Institution: Columbia University Medical Center
Mentor: Michael Shen, PhD
Sponsor: AUA New York Section Research Scholar Endowment Fund
In recent years, the field of stem cell biology became extremely interesting through the breakthrough discovery that only four factors known to maintain embryonic stem cells in an undifferentiated state are also able to "reprogram" terminally differentiated adult cells, such as cells derived from skin connective tissue to a pluripotent state similar to embryonic stem cells. This discovery eliminates the ethical problems related to harvesting and manipulating embryonic stem cells and opens new possibilities for regenerative personalized medicine. However, in order to be used in organ rehabilitation, the induced pluripotent stem cells have to be re-differentiated into desired target tissue, a process which is lengthy and inefficient. Dr. Talos' research proposes to use the same type of approach, i.e., to load tissue-specific master regulator factors into easily accessible cell types in order to re-direct their functionality towards other type of tissues which are not so readily accessible. Specifically, Dr. Talos proposes to convert connective cells from the skin into bladder and prostate epithelium. This would generate new model systems to study prostate epithelial pathologies and would be directly beneficial for patients with bladder exstrophy or who need cystoplasty following surgery for bladder cancer.
Dan Wang, PhD
Project Title: "Role of PRP8 in Regulating AR Intracellular Trafficking in Prostate Cancer Cells"

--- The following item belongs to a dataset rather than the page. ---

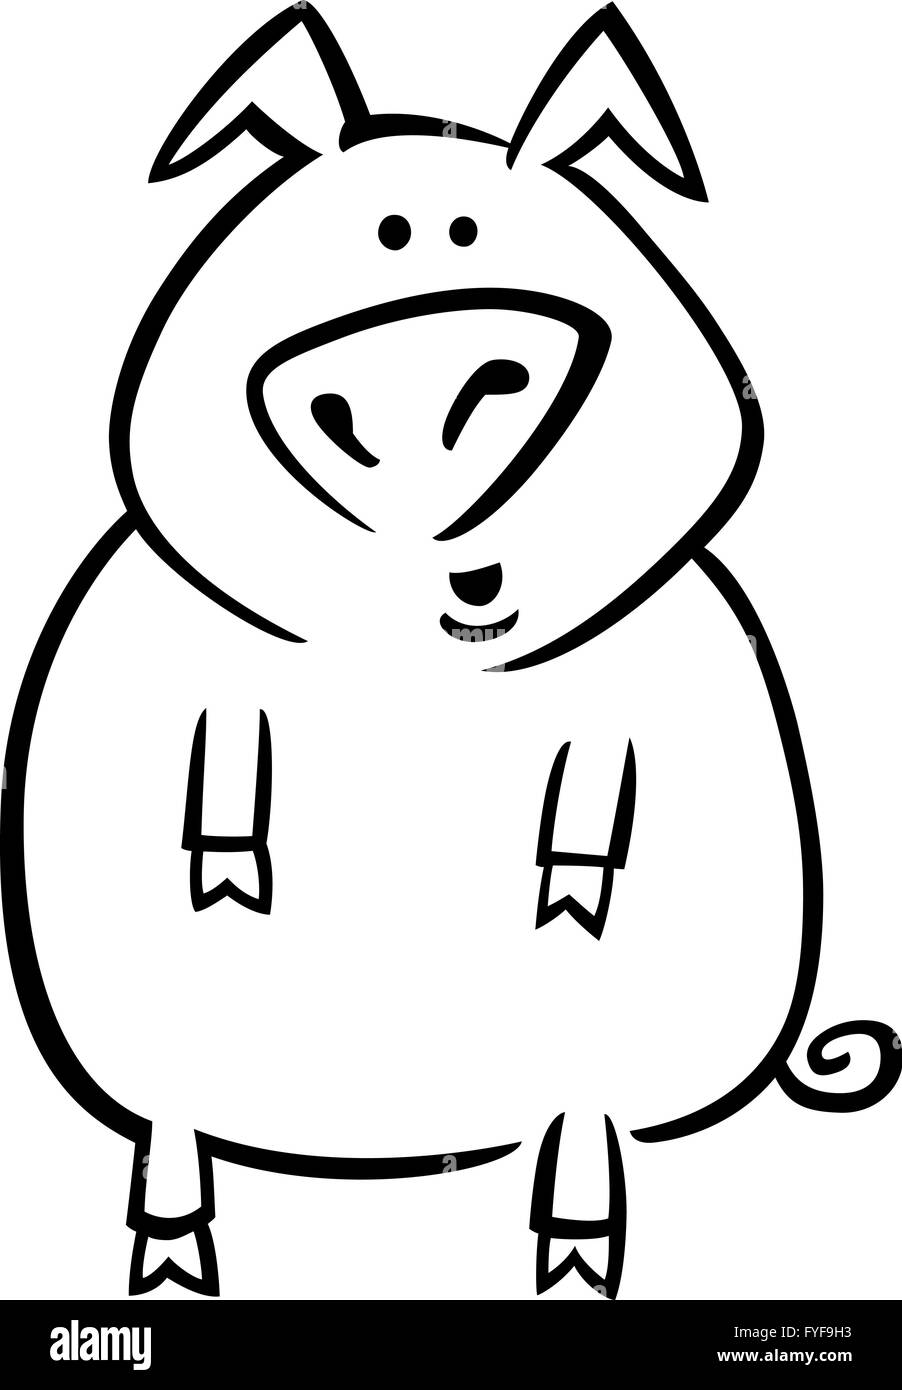 Cartoon pig for coloring page Stock Photo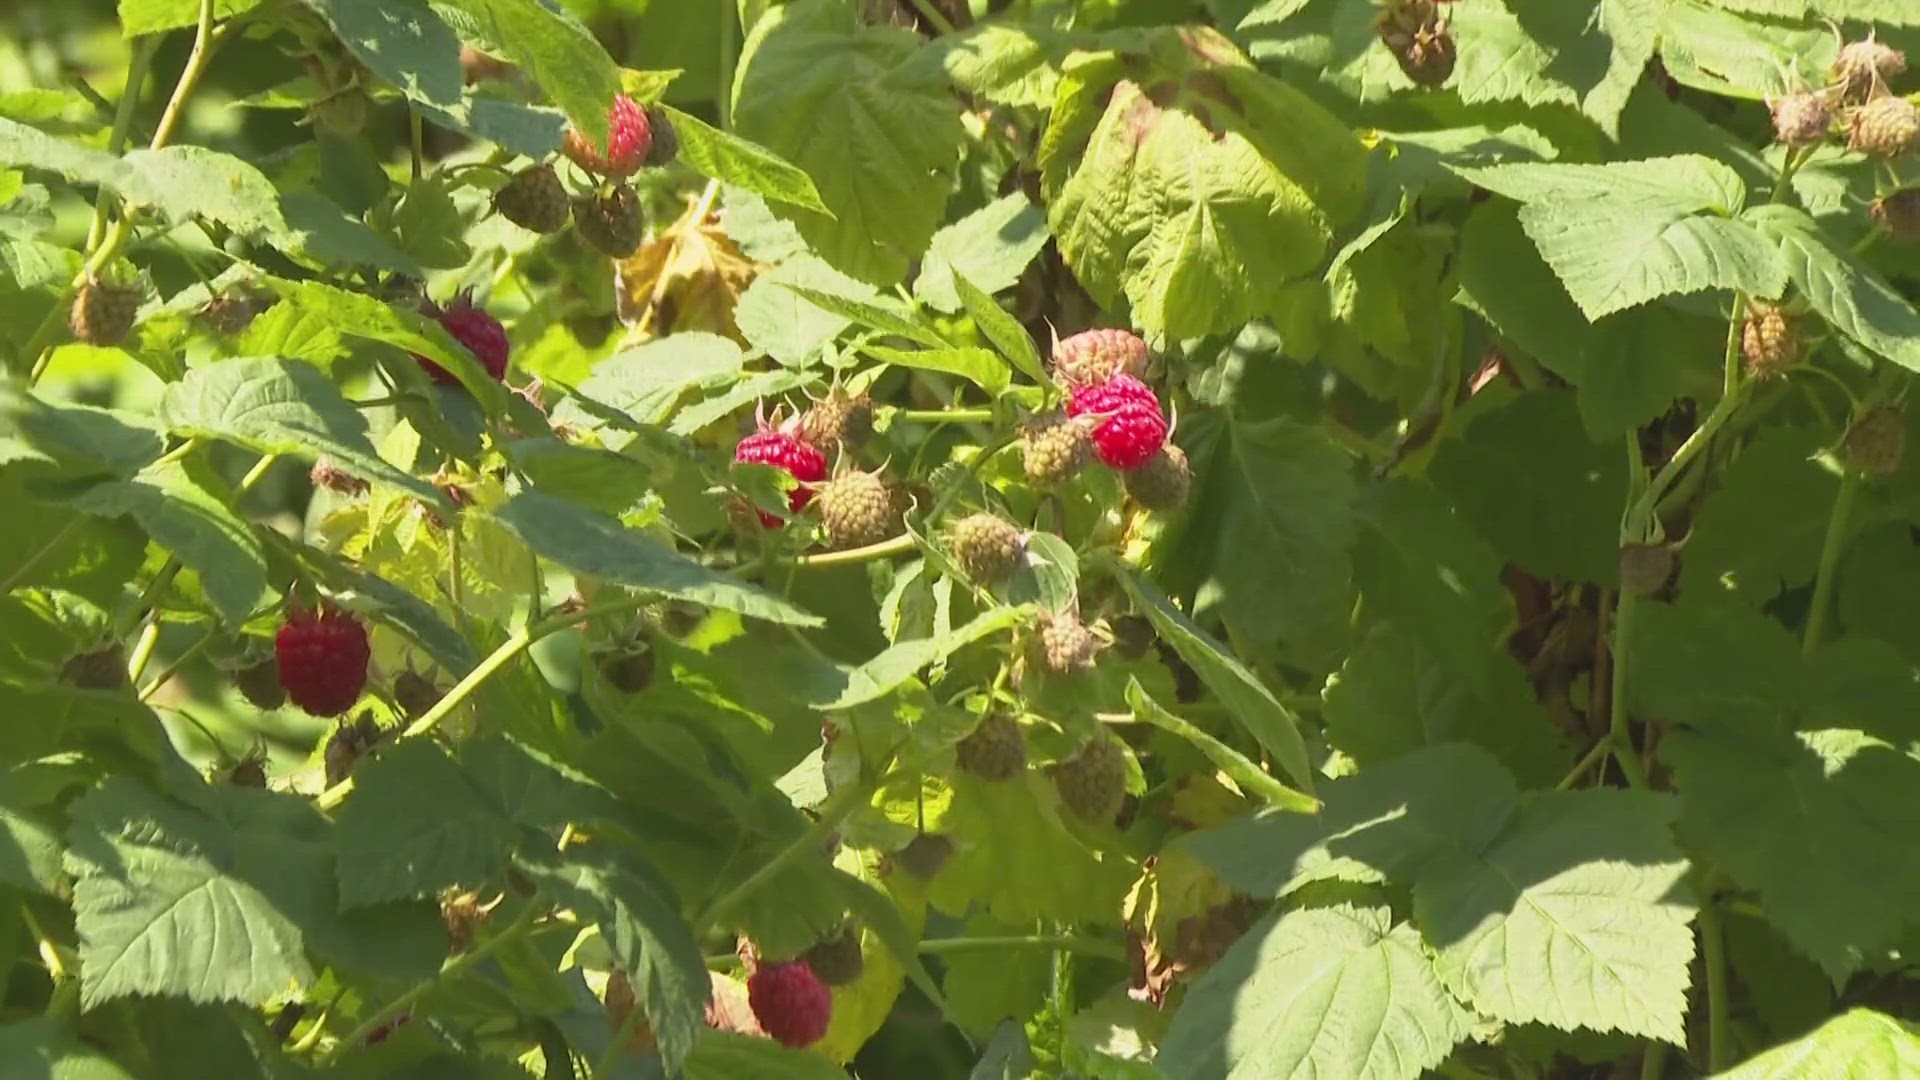 This summer, along with a rough winter and spring, has impacted berry farms in Maine.

Institution: University of Pittsburgh
Mentor: Zhou Wang, PhD
Sponsor: AUA Northeastern Section Research Scholar Endowment Fund
The goal of Dr. Wang's research is to identify novel proteins regulating androgen receptor localization and prostate cancer progression to castration-resistance. Prostate cancer is the second most common cause of cancer deaths among men in the U.S., and the androgen receptor (AR) is a key protein in prostate cancer development and progression. In early stage prostate cancer, AR localization is androgen dependent, and the patients are favorably responsive to androgen ablation treatment. As prostate cancer progresses, AR localization becomes androgen-independent and the cancer becomes castration-resistant. Dr. Wang's research will utilize the latest molecular biology techniques to investigate novel proteins regulating AR localization, and examine whether these proteins can restore androgen dependence in advanced prostate cancer. This study is expected to provide insights on mechanisms underlying prostate cancer development and may provide novel therapeutic targets for castration-resistant prostate cancer.